Saturday, May 12, 2018

Ayn Rand on Rationalization

"Men do not accept a catch phrase by a process of thought, they seize upon a catch phrase—any catch phrase—because it fits their emotions. Such men do not judge the truth of a statement by its correspondence to reality—they judge reality by its correspondence to their feelings.

If, in the course of philosophical detection, you find yourself, at times, stopped by the indignantly bewildered question: “How could anyone arrive at such nonsense?”—you will begin to understand it when you discover that evil philosophies are systems of rationalization.

...When a theory achieves nothing but the opposite of its alleged goals, yet its advocates remain undeterred, you may be certain that it is not a conviction or an “ideal,” but a rationalization."

-Ayn Rand

Tuesday, May 8, 2018

Paycheck to Paycheck

According to CNBC, 70% of Americans are living paycheck to paycheck, and 10% of people who make more than $100,000 yearly struggle to make ends meet

As a missionary, I witnessed many missionaries who I described as living "p-day to p-day" missionary work was drudgery unto them, and P-day was the only beacon of hope that kept them going.
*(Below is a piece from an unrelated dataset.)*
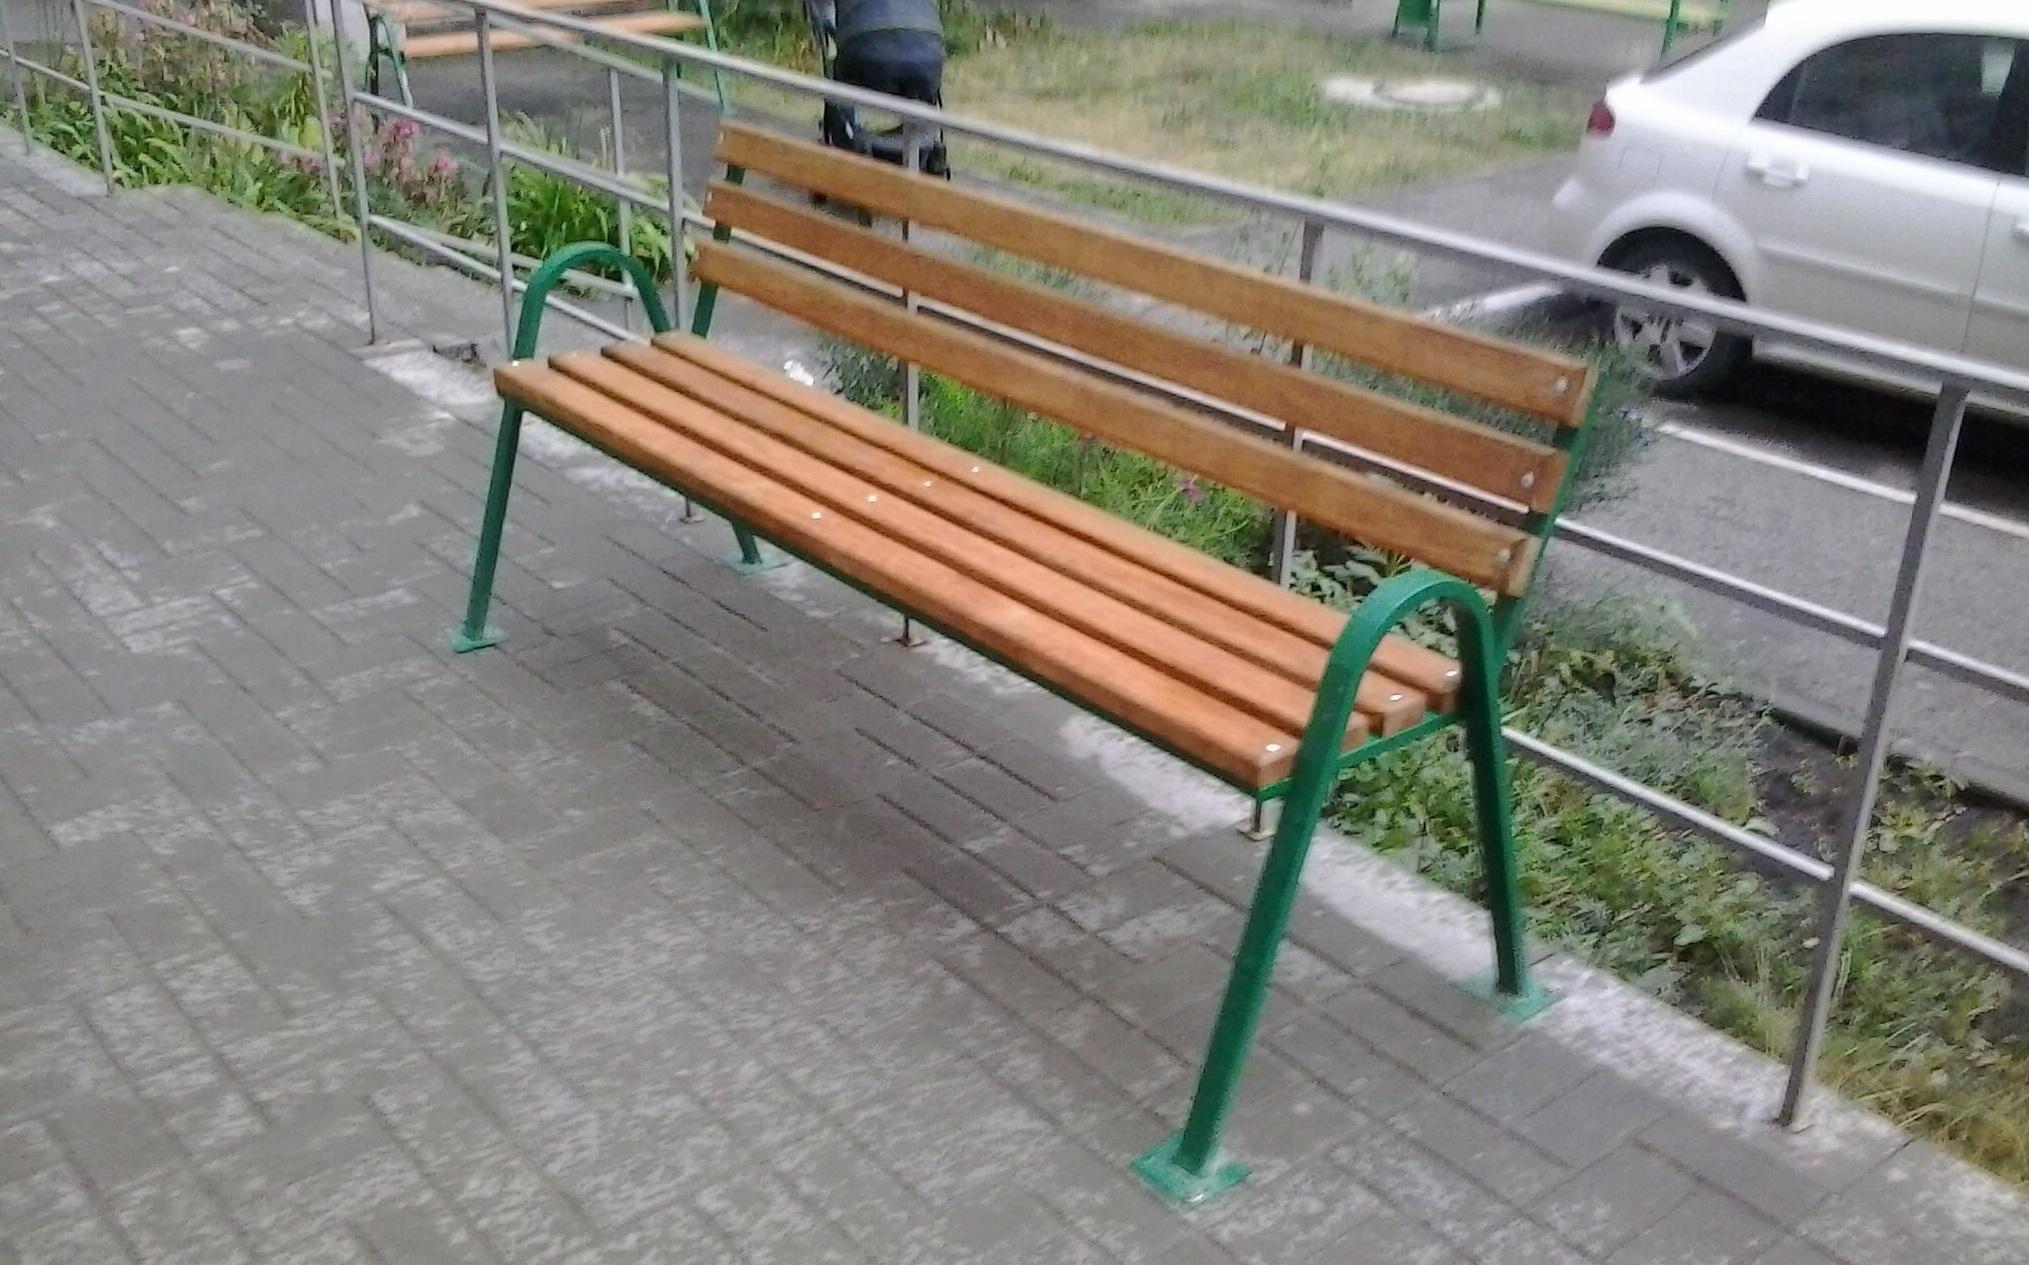 стильно смотрятся скамейки из труб фото сайте регулярно действуют

If missionary work would be particularly hard one week, they would burnout, and would crash, leading to petty-disobediences like sleeping in, dragging feet going out, hanging out at members, etc. These petty disobediences fail to adequately energize; a disobedience, to properly energize, must be deliberate (Rev 3:16). Say to your companion "I'm tired, lets take a break for one hour to just unwind at X member's house." This will give you very different spiritual results from saying "lets go to X members house for an active member lesson" when both of you know you will be there for hours and no lesson would be taught. 
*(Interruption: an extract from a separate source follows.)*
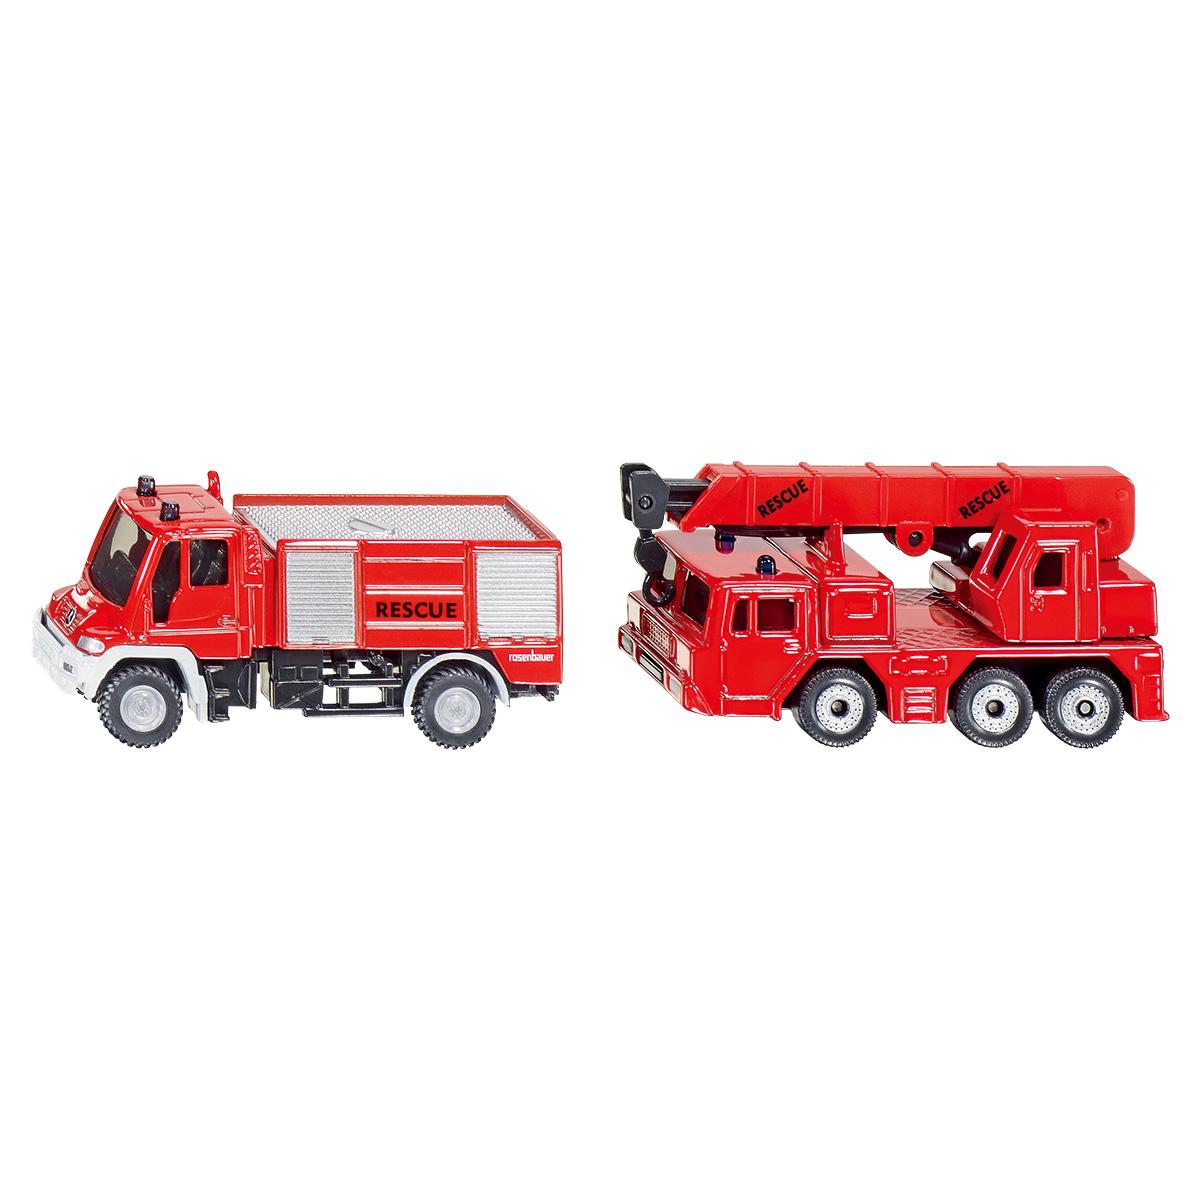 ユニモグ消防車&クレーン車(ジク・SIKU)

The problem is that for many missionaries the day-to-day activities were more emotionally costly than they could afford. Its important to recognize when you are in a state of burn, and to switch gears to be able to make it over the hills. Switching gears doesn't have to mean disobedience; but one should work to save energy so that when horrible uphills hit, it doesn't zero you out. Here are principles to practice:

-Exercise to stay in shape, emotionally and physically and mentally. To continue the bike analogy, hills will always hit. Gears will help, but gears will help more if you're fit in the first place.
-Shift your stance to make your load more bearable. Lift with your back or with your legs. As a missionary: Lift with your sense of humor, lift with your charity. Whatever muscle is strong for you. Your inner self knows, you just need to let it drive. Some missionary's strongest muscle is their work-drive, but other missionaries are play focused and if they see work as drudgery they won't be able to keep up a high pace. They will need many breaks, losing efficiency. The best for such would be to see missionary work as play, so that they are lifting with their strongest muscle.
-Shift gears when hitting hills. Maybe the aforementioned missionary will hit an investigator who has no sense of play whatsoever. If the missionary expects play from them, they will be drained. The missionary must, in this instance, lift with a different muscle.
-Pace yourself. Relax. Don't make things more work than they are, especially in your mind. Dread increases weight and resistance.
-Save up. Carry a little bit of P-day with you, via memories, attitudes, learnings, etc.  I always was on the lookout for fun memories to write home about, and that helped it feel like I was having fun. 
-Learn to recognize burn. This single skill will allow you to address the situation in a mature way, rather than drift into the mire via petty thefts and disobediences.